The lines in the listing below are to be given again exactly, starting at the line holding "Image of Festool" and ending at the line holding "Tru Earth Dishwasher". Do not include pictures.

Supplied data:
•••
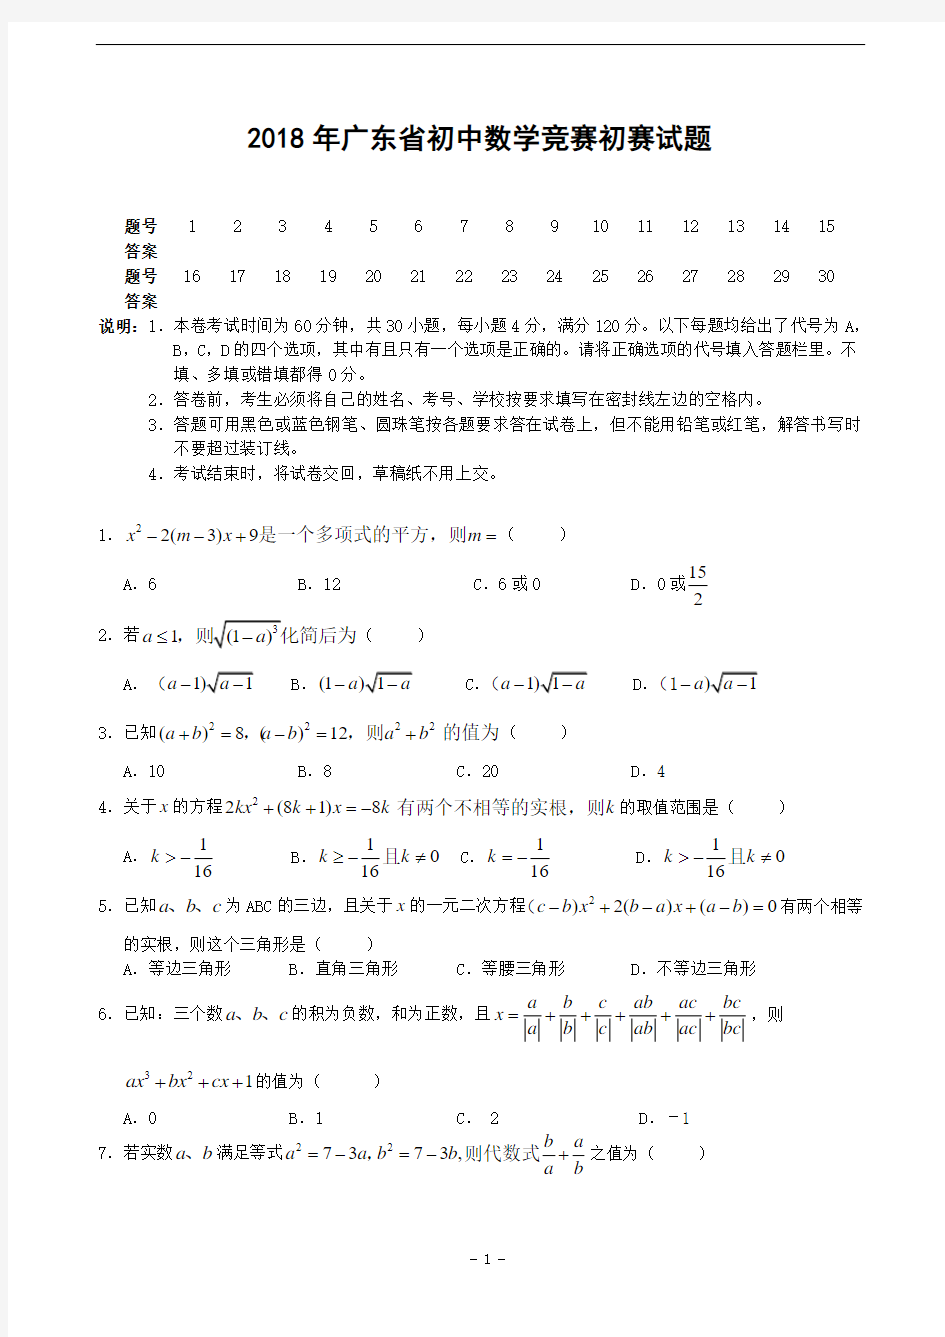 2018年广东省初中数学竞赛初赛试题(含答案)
•••
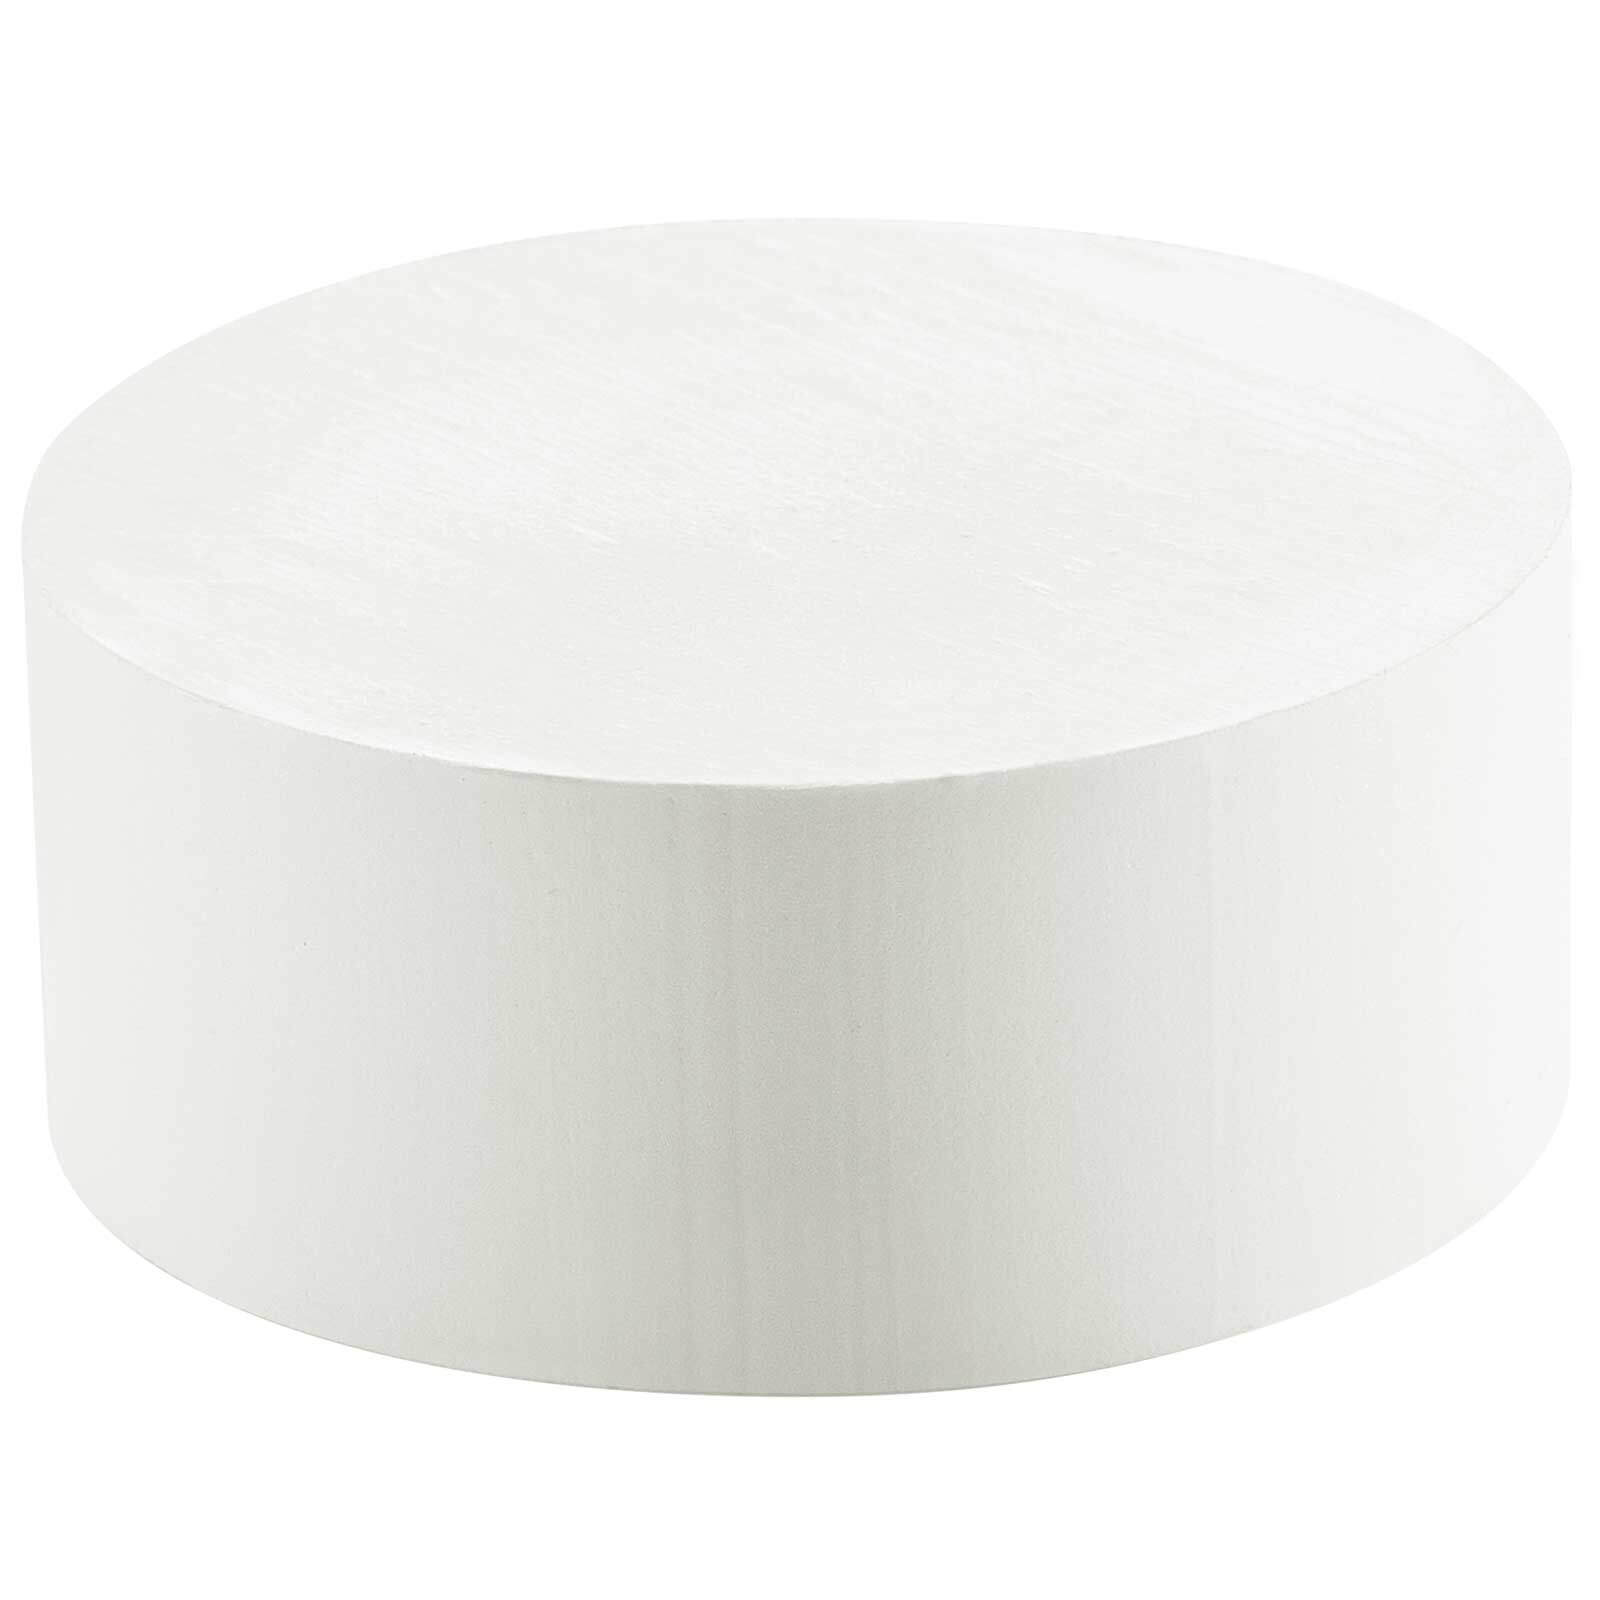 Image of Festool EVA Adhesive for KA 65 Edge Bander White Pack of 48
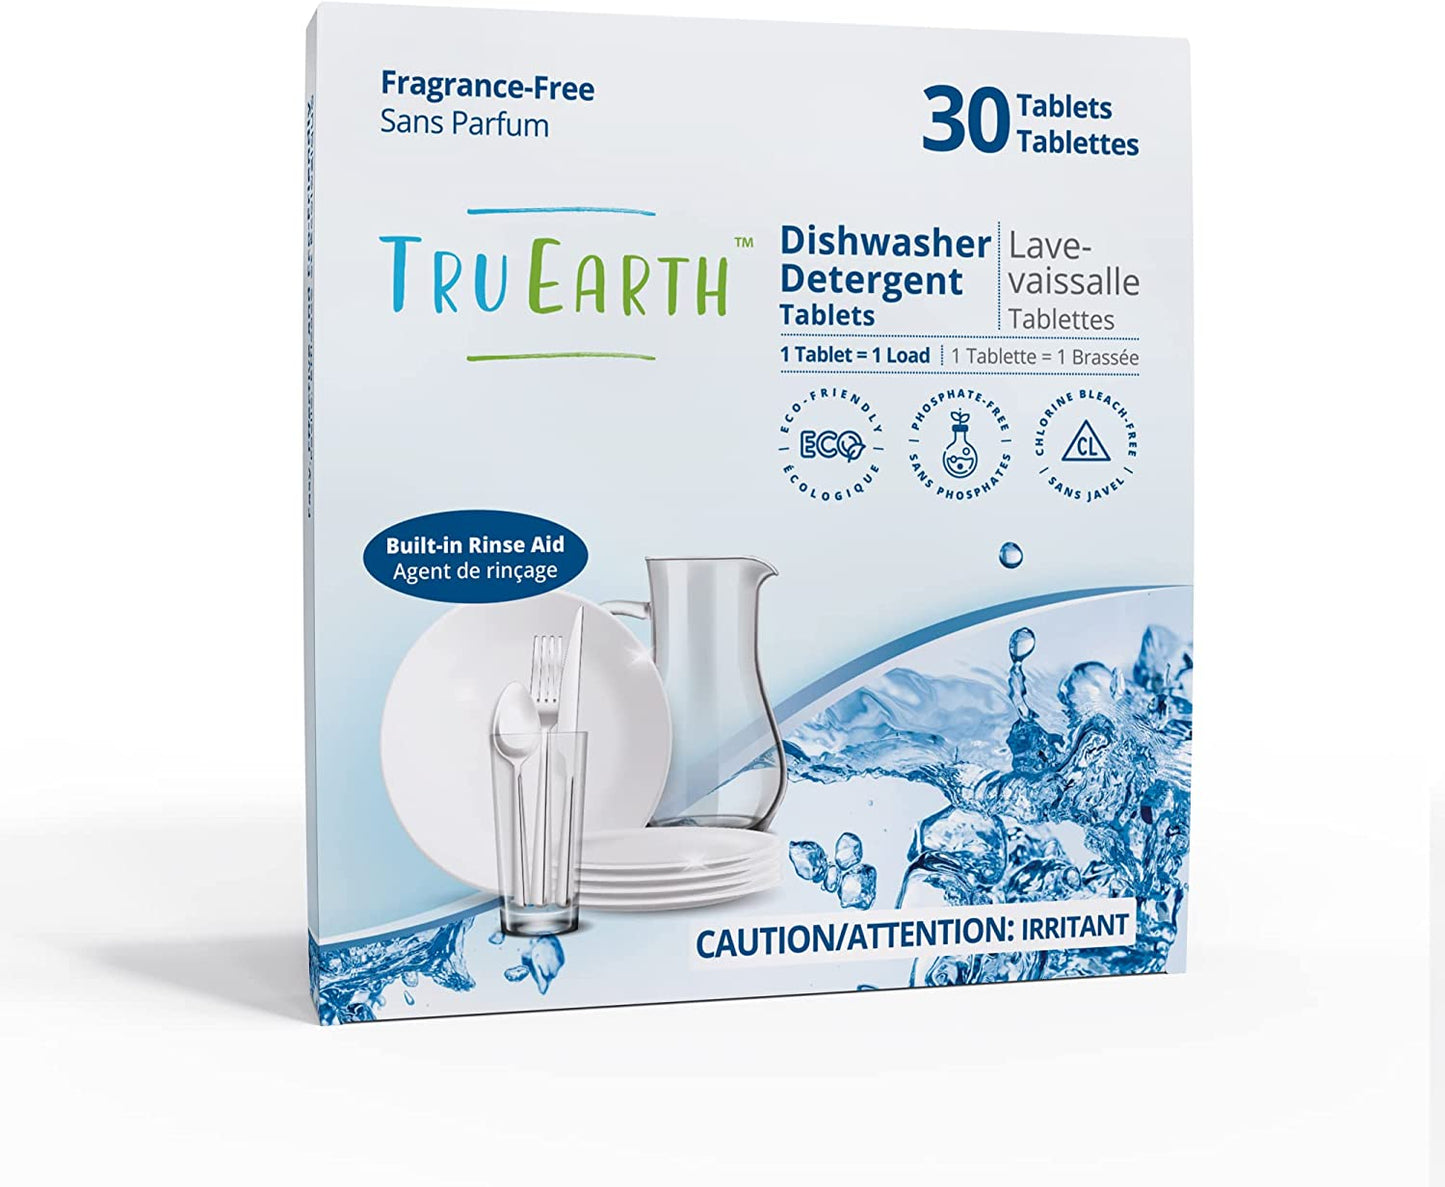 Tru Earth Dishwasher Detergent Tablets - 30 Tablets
•••
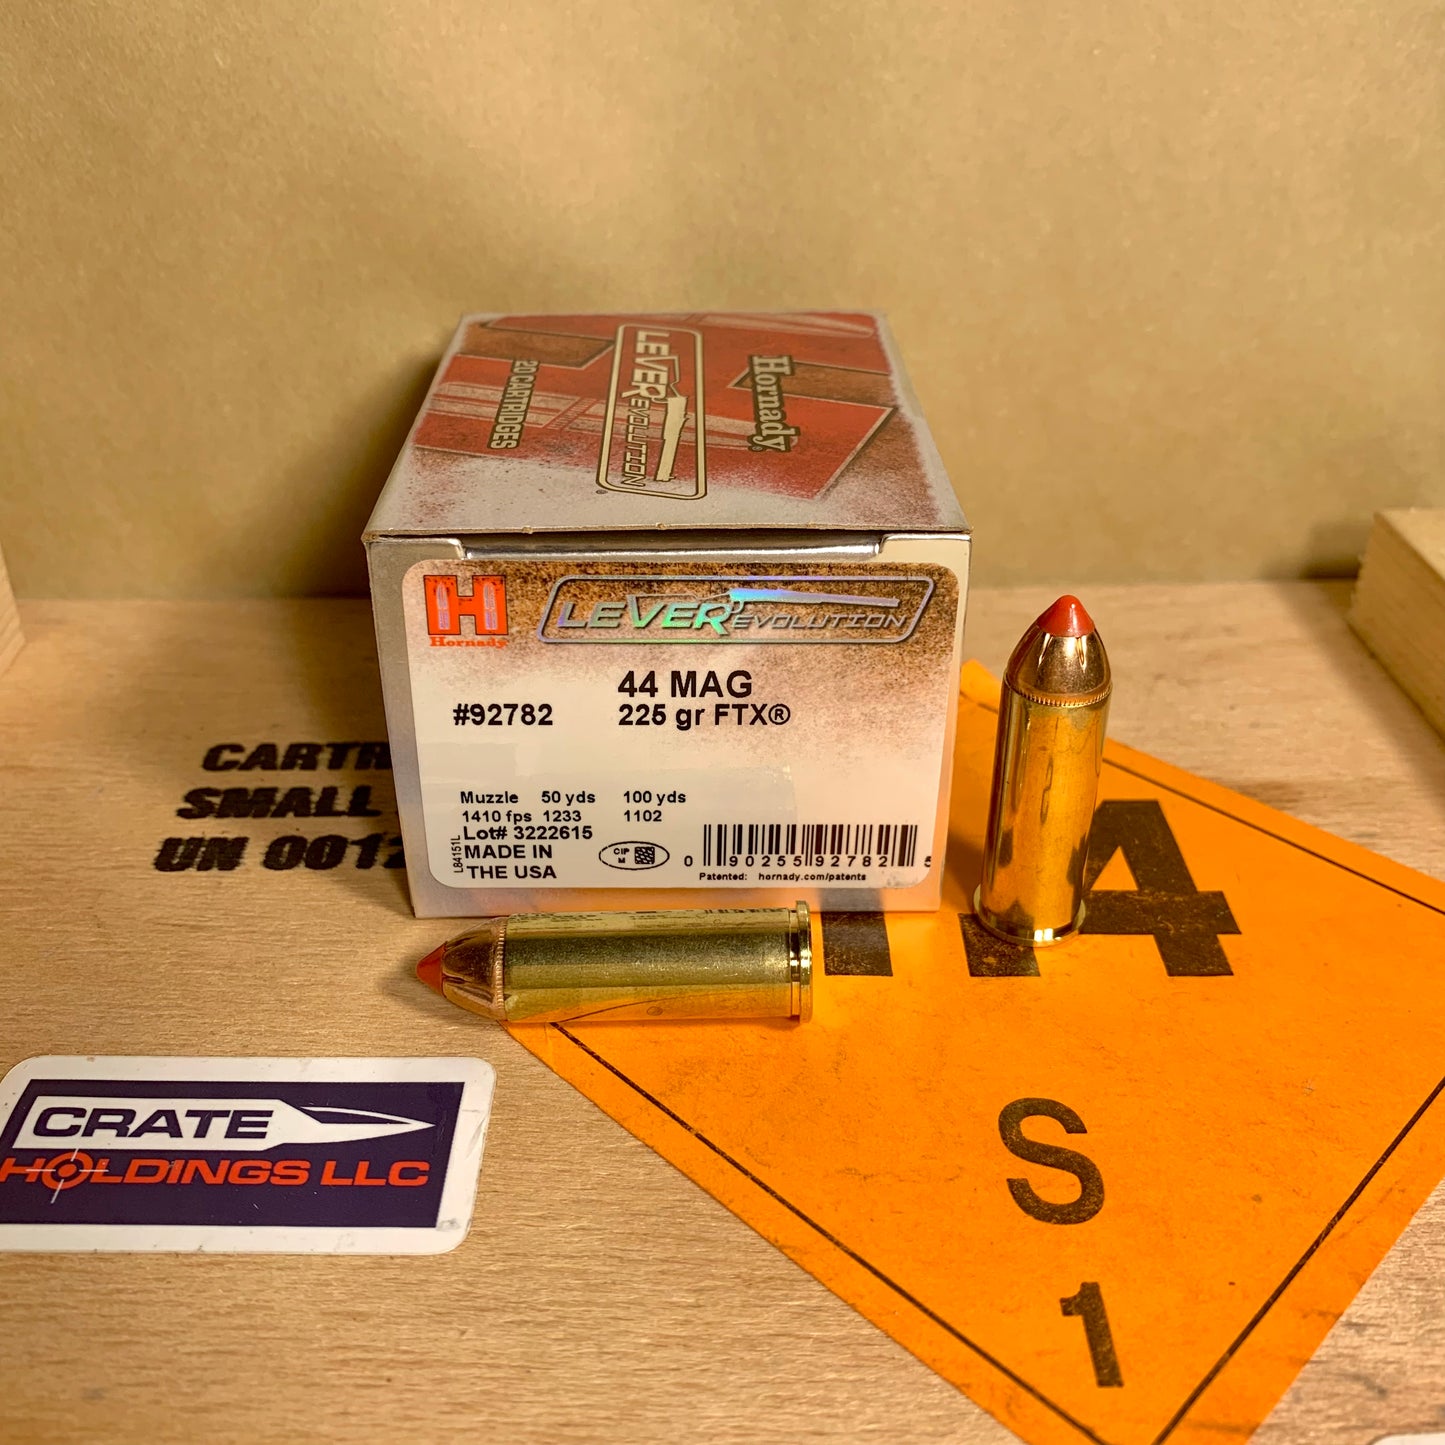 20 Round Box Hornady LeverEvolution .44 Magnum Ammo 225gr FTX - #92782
•••
Task answer:
 Image of Festool EVA Adhesive for KA 65 Edge Bander White Pack of 48
 Tru Earth Dishwasher Detergent Tablets - 30 Tablets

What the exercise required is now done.